PENDEKATAN UNHCR DALAM MENGUPAYAKAN RUANG KEMANUSIAAN PENGUNGSI DI INDONESIA DAN MALAYSIA
FITRIA RUTHI M, Dr. Diah Kusumaningrum, MA.
2018 | Tesis | S2 Ilmu Hubungan InternasionalTesis ini bertujuan untuk mengetahui upaya dan pendekatan yang dilakukan United Nations of High Commission for Refugee (UNHCR) dalam merealisasikan terselenggaranya ruang kemanusiaan pengungsi yang optimal di Indonesia dan Malaysia. Status kedua negara sebagai bukan peratifikasi Konvensi Pengungsi 1951 membuat negara terlepas dari tanggung jawab penanganan pengungsi dalam rezim global meskipun berperan sebagai negara tujuan singgah. Situasi ini kemudian memunculkan persoalan gap of protection, yakni kekosongan atau minimnya skema perlindungan pengungsi karena statusnya sebagai imigran ilegal sehingga justru berpotensi menempatkan pengungsi dalam kerentanan hidup di kedua negara. Menyikapi minimnya peran negara, UNHCR sebagai organisasi internasional yang memiliki mandat penuh atas populasi pengungsi mengambil alih tanggung jawab tersebut. Konsep Humanitarian Space as People Protection Space digunakan untuk mengklarifikasi penggunaan konsep ruang kemanusiaan yang kontestatif di dalam studi kemanusiaan, yang pada penelitian ini menyimpulkan people-centered base sebagai sebuah pendekatan.
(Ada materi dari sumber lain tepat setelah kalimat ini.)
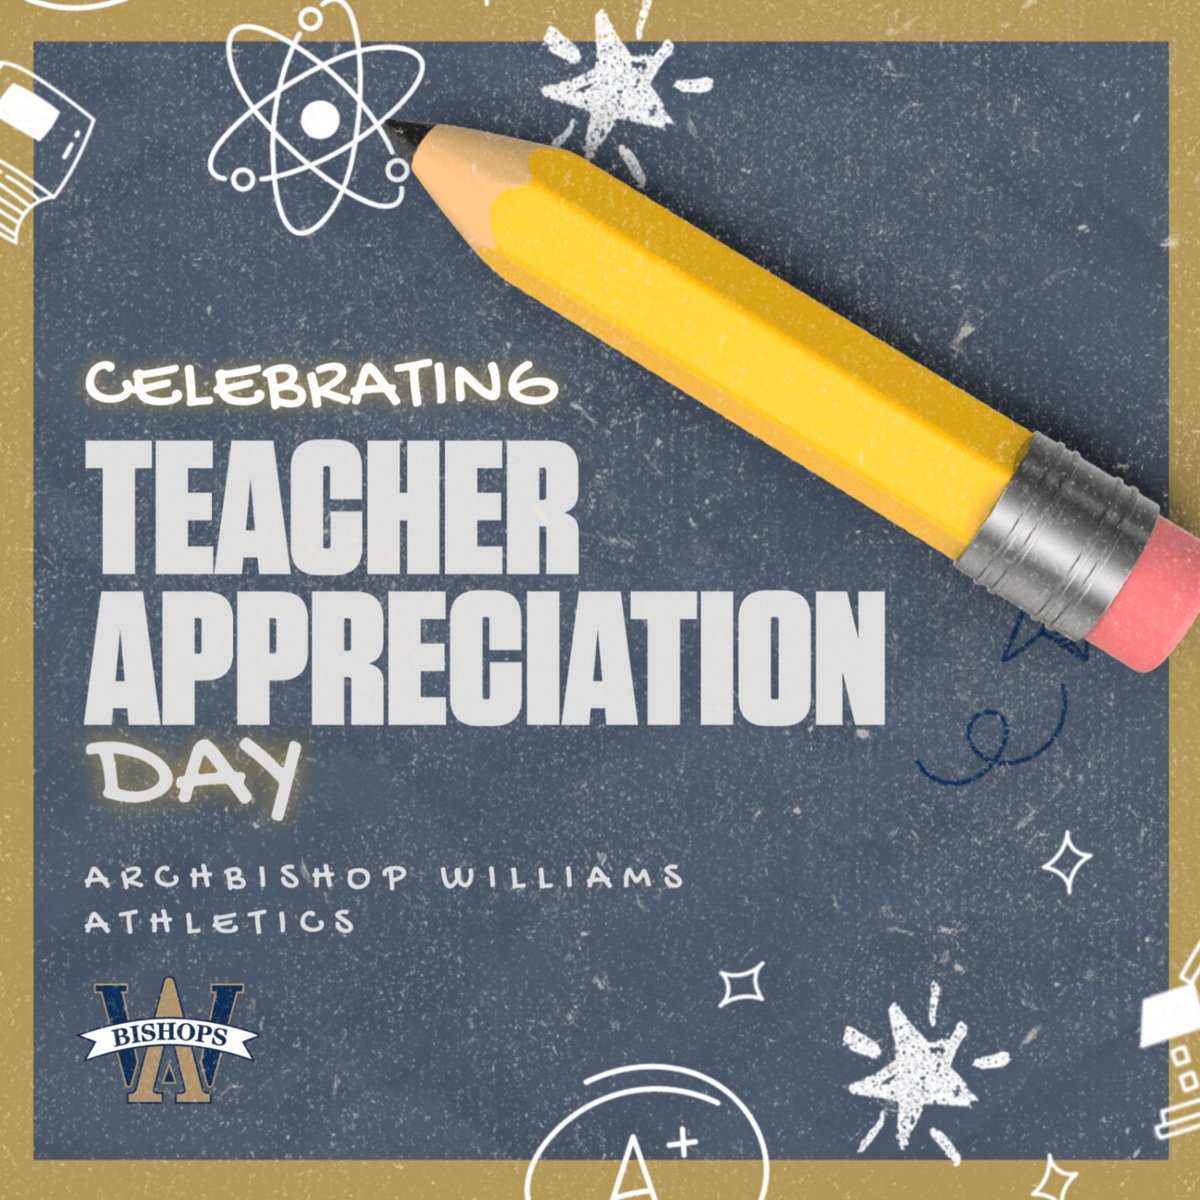 Happy Teacher Appreciation Day to all of our amazing teachers here at AWHS! We are beyond lucky to have many AWHS teachers make a positive impact both in our classrooms and on our teams as coaches! Thank you! #rollbills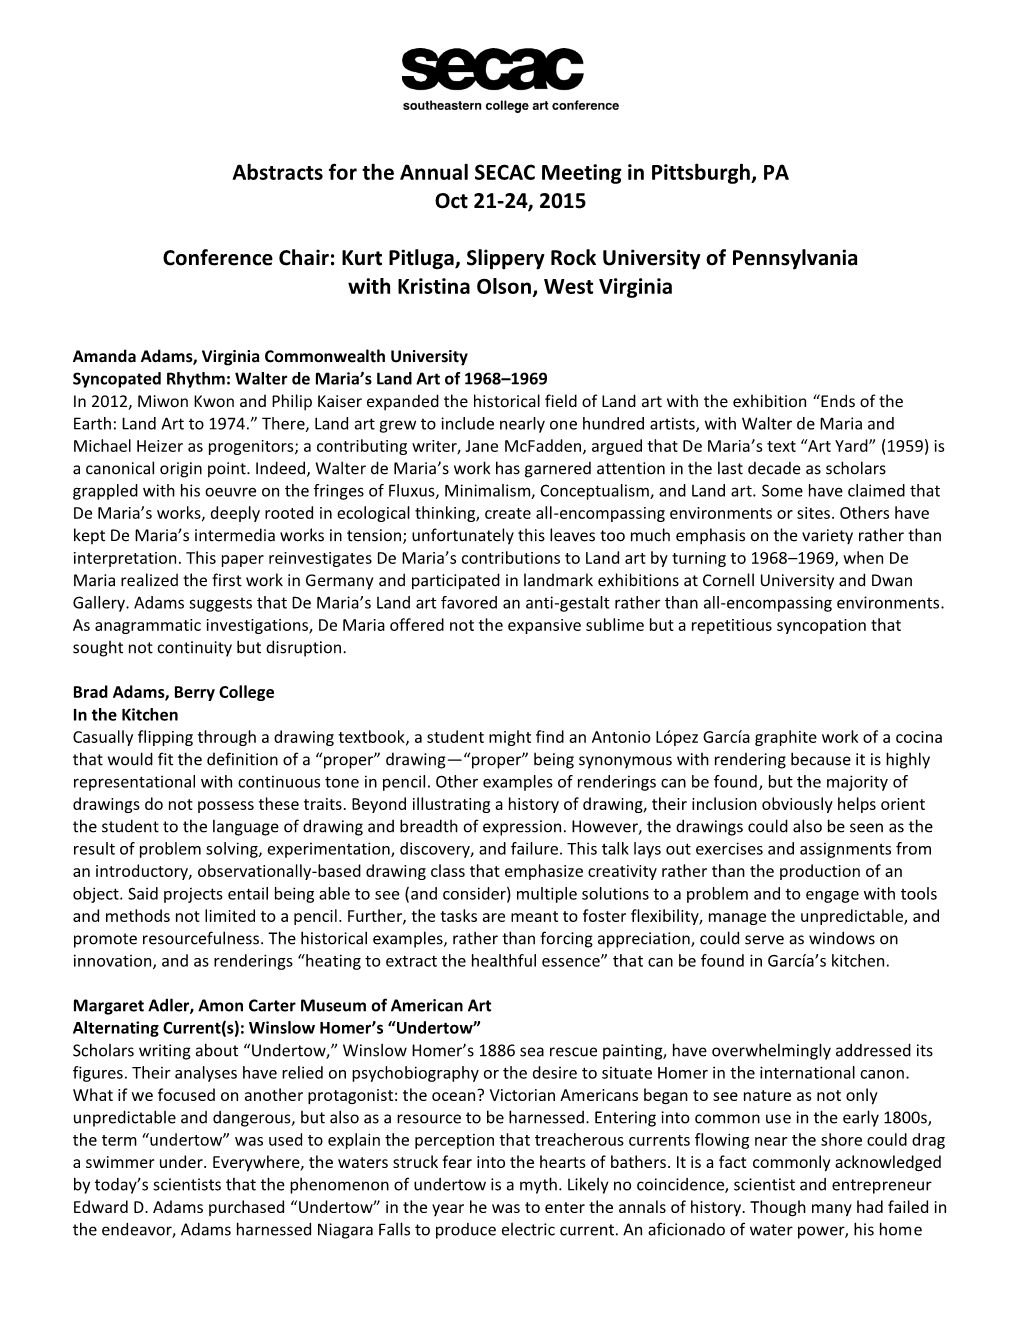 Abstracts for the Annual SECAC Meeting in Pittsburgh, PA Oct 21-24, 2015

Untuk mendalami upaya aksi UNHCR, analisa berdasarkan Egg Model Humanitarian Protection menerjemahkan perbedaan kinerja dan pencapaian organisasi di kedua negara. Selain dikarenakan karakter celah ruang kemanusiaan dan politik domestik kedua negara yang berbeda, konstruksi relasi antara UNHCR dengan negara cukup memberikan pengaruh terhadap kinerja organisasi dalam mengupayakan ruang kemanusiaan perlindungan pengungsi.
This thesis aims to analyze the attempts of United Nations of High Commission for Refugee (UNHCR) in realizing humanitarian space for refugees in Indonesia and Malaysia. The two countries status as non 1951 Refugee Convention Signatory leads to the consequences of responsibility disengagement toward refugee issues. Still the refugee crisis occurred within national sovereignty due to the state posture as transitory countries. This circumstance of low state performance to respond refugee crisis leads to what it is so-called as gap of protection that subsequently put refugees into the plight of massive vulnerability under the status as illegal migrant. Responding to this, UNHCR as international legitimated body holding the whole authority toward refugee population and issue take the responsibility over. Humanitarian Space as People Protection Space is purposively used in this paper to clarify the contested humanitarian space concept being applied into people-centered base approach. Furthermore, to address UNHCR's efforts in this paper, the finding is explained using Egg Model Humanitarian Protection. To conclude, this paper finally discovers that UNHCR attempts and approaches in the two non-refugee convention signatory to realize humanitarian space for refugees remain dissimilar. Aside of the diverse humanitarian space character and political context between two countries, the relationship amongst UNHCR and government quite determines organization way of approaches.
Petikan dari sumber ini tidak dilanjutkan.